A typical day of meals for me during the transformation was an egg whites and whole eggs omelet with spinach and onions for breakfast. Lunch typically was boneless skinless chicken thighs (which I prefer to chicken breasts, but had to account for with the additional fat) with cauliflower rice, zucchini, broccoli, or bell peppers. Dinner was usually similar to lunch with the protein either being chicken, salmon, sea bass, or a lean steak.
I also cut out alcohol almost completely. I like drinking, but don’t need it and didn’t really want anything to stall my progress. I did attend a bachelor party for one of my best friends in the middle of the transformation, but Kevin and I planned for that and I stuck to spirits rather than beer. As the transformation continued, I had the occasional glass of wine or cocktail, but by then I knew how to account for it properly and not let it get out of hand where it ruins my diet for the day, or how my body’s feeling the next day.
Kevin really helped me with being consistent and patient, and taught me not to overreact to fluctuations in weight, but instead focus on the trends over time. He also taught me so much about proper form and how to really get the most out of each exercise we did. I no longer feel intimidated walking into a gym and I’m way more comfortable with barbell work than I had been before I started working with Kevin.
I travel a lot with work, and I had a trial in the middle of the transformation. Kevin worked with me to develop a program that I could use while I was away form Ultimate Performance’s facilities, but it was up to me to make sure I get the workouts in. What I realized is that even when we seem overwhelmed with work, there’s still time that we can carve out for the things we really care about. So I found a 24 hour gym, and most days I would wake up at 4am to make sure I got to the gym, got a workout in, and then had enough time to get into the office to start working on things for the trial before court started that day.

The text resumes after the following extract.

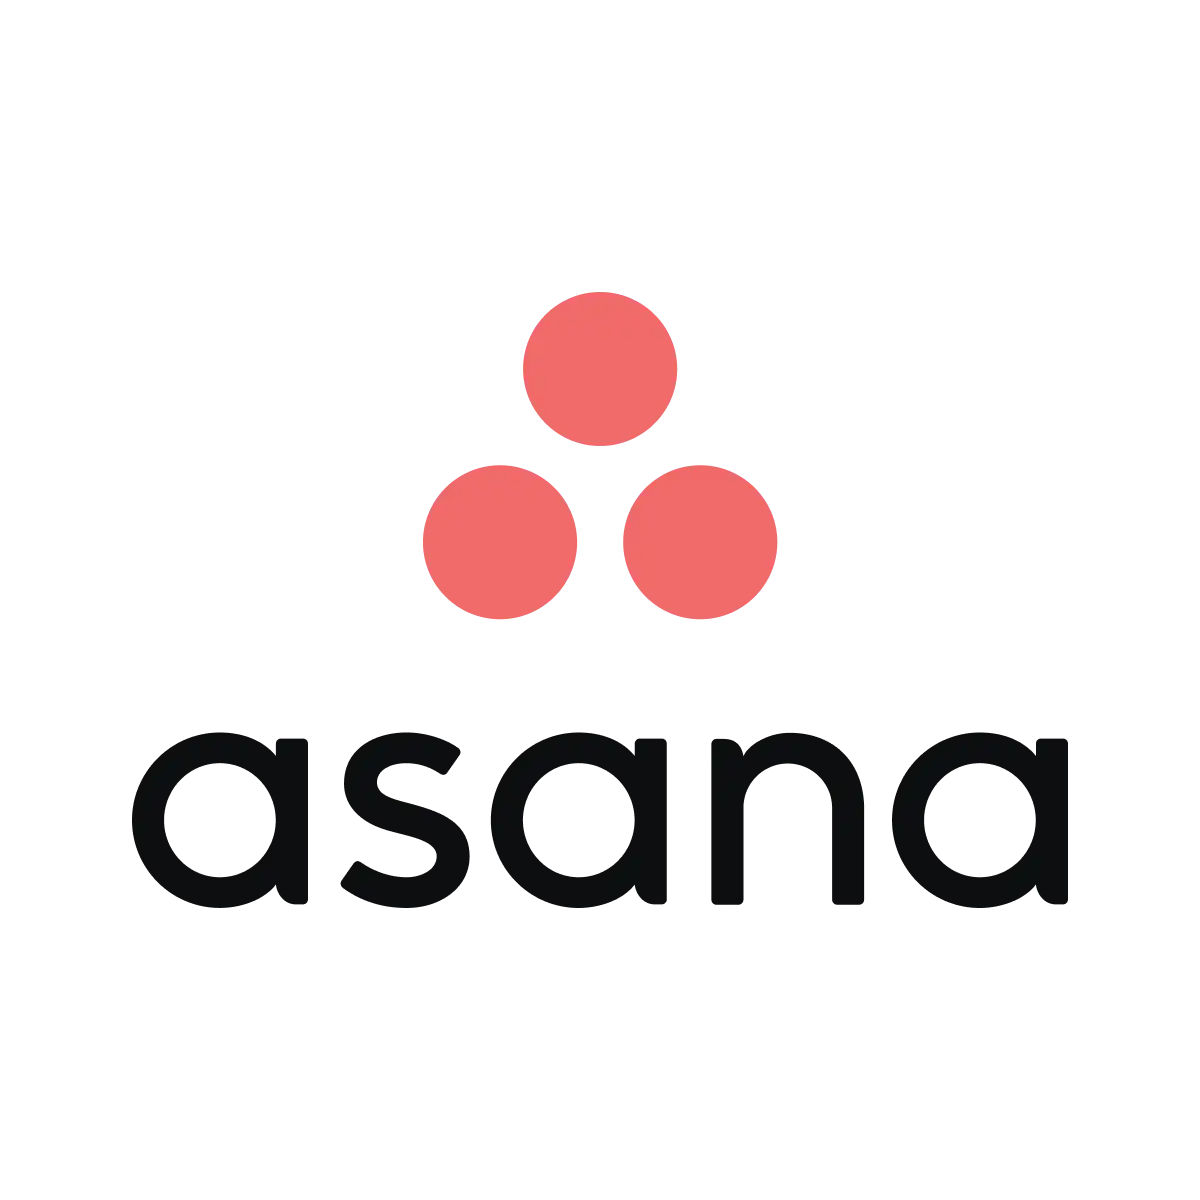 Asana projectmanagement
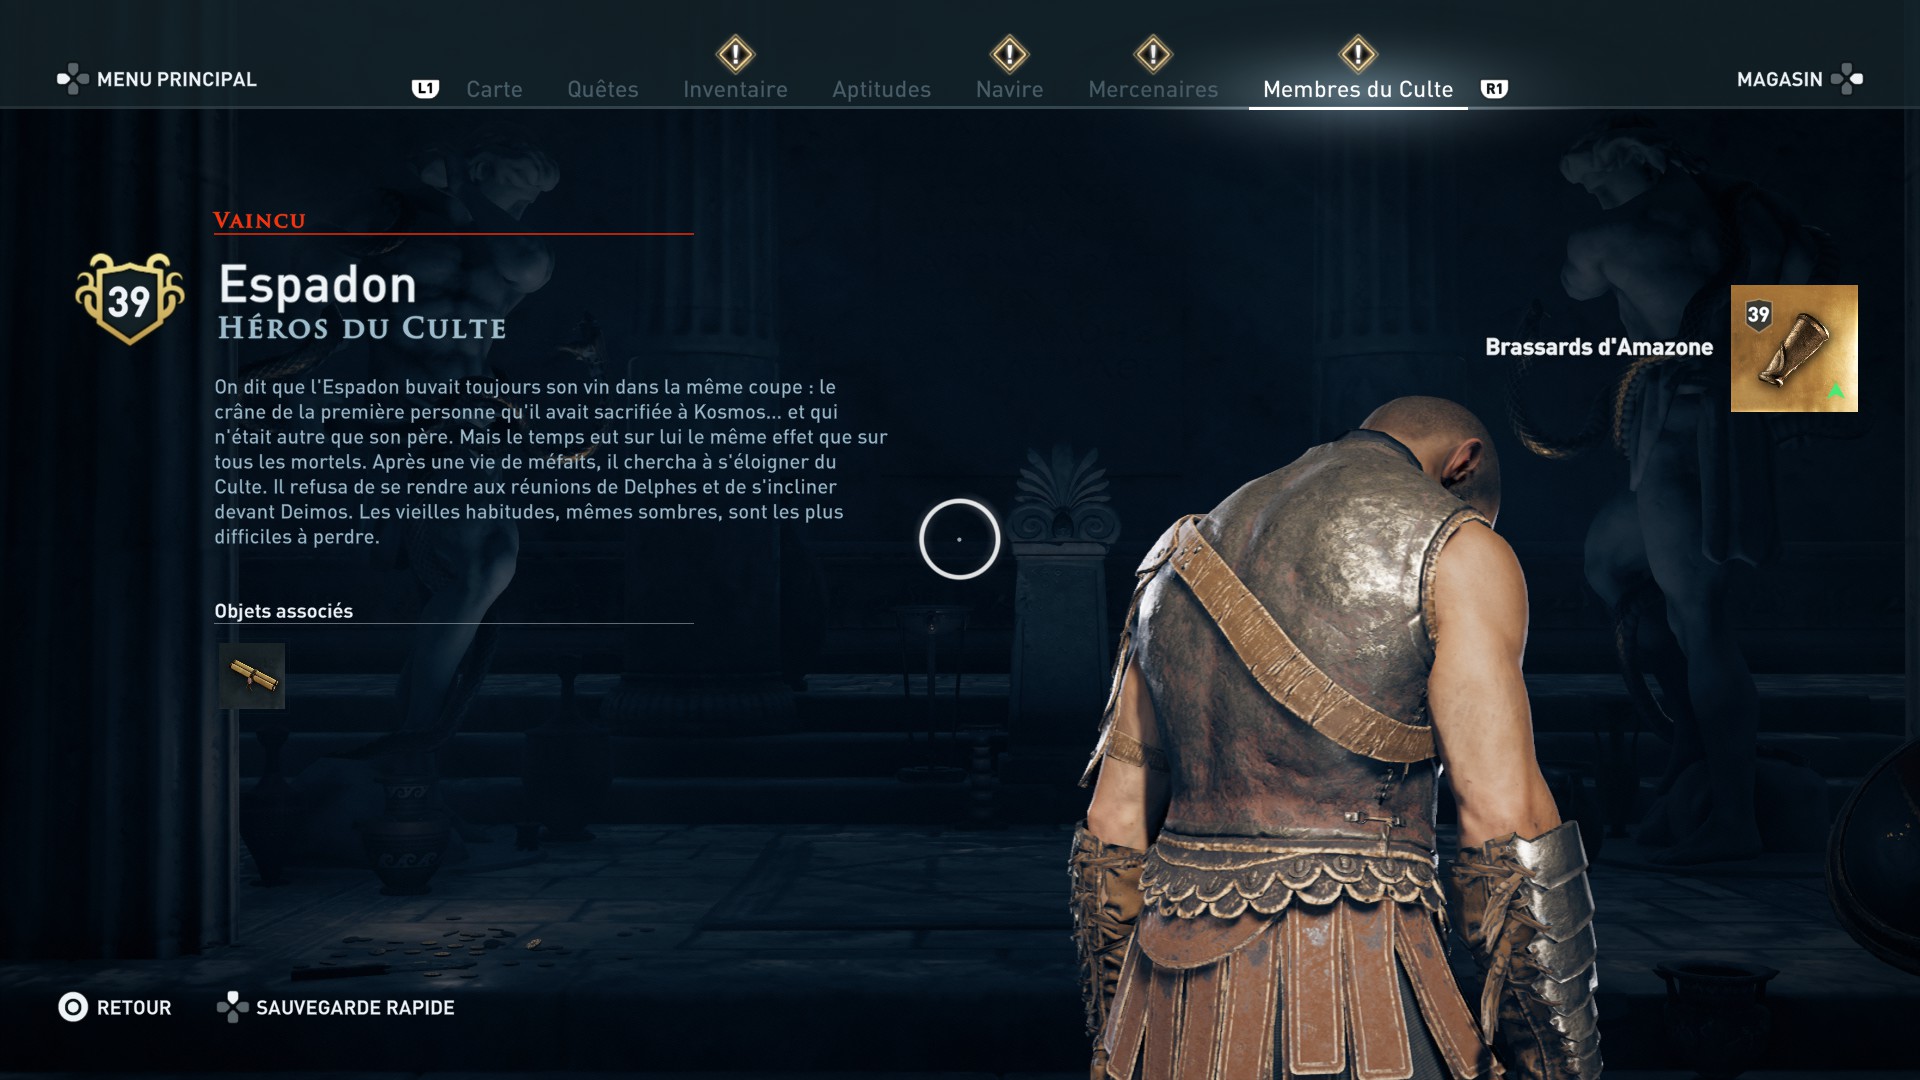 Assassin's Creed Odyssey trouver et tuer les adeptes du culte du Kosmos, ps4, xbox one, pc, ubisoft, jeu vidéo, chrysis, adorateur de la lignée

Over the course of five months, I dropped from 169 pounds to 149 pounds, losing 30 pounds of fat and gaining 10 pounds of muscle. I also had a DEXA scan done that showed I had reduced my body fat to 9.7%. I’ve never really struggled with self-esteem, but my body composition now definitely makes me feel more confident about my physical attributes. The biggest thing I gain was increased confidence in my ability to accomplish any goal I set for myself. I haven’t tracked health markers or done any blood work, so I have no clue how those may have changed during the transformation. But generally, I feel healthier with my lifestyle now. I’m eating better, sleeping better, working better. Working out is a huge stress reliever for me. So even as work stress has increased in recent weeks, keeping my workout schedule consistent has helped me adjust and cope with work in a much healthier way than in the past.
The next goal for me is to run the L.A. marathon in March. I started training for that toward the end of my transformation and I’m looking forward to pushing my body in another way. I’ll say I’ve noticed that all of the strength training that I’ve been doing has had an incredibly positive impact on my running. I’m recovering quicker and not dealing with as many lingering injuries/ailments. Hopefully that good fortune continues.
If you want to improve your own fitness but don’t know where to start, my advice would be to not be afraid to ask for help. Just try to educate yourself on what you need to do to accomplish your goals. There are a lot of fitness snake oil salesmen out there, but you can find videos of proper form or different exercises for free on YouTube. The biggest thing isn’t about knowing where to start, but just starting in any way at all. As has been said by many so many times, nothing changes if nothing changes.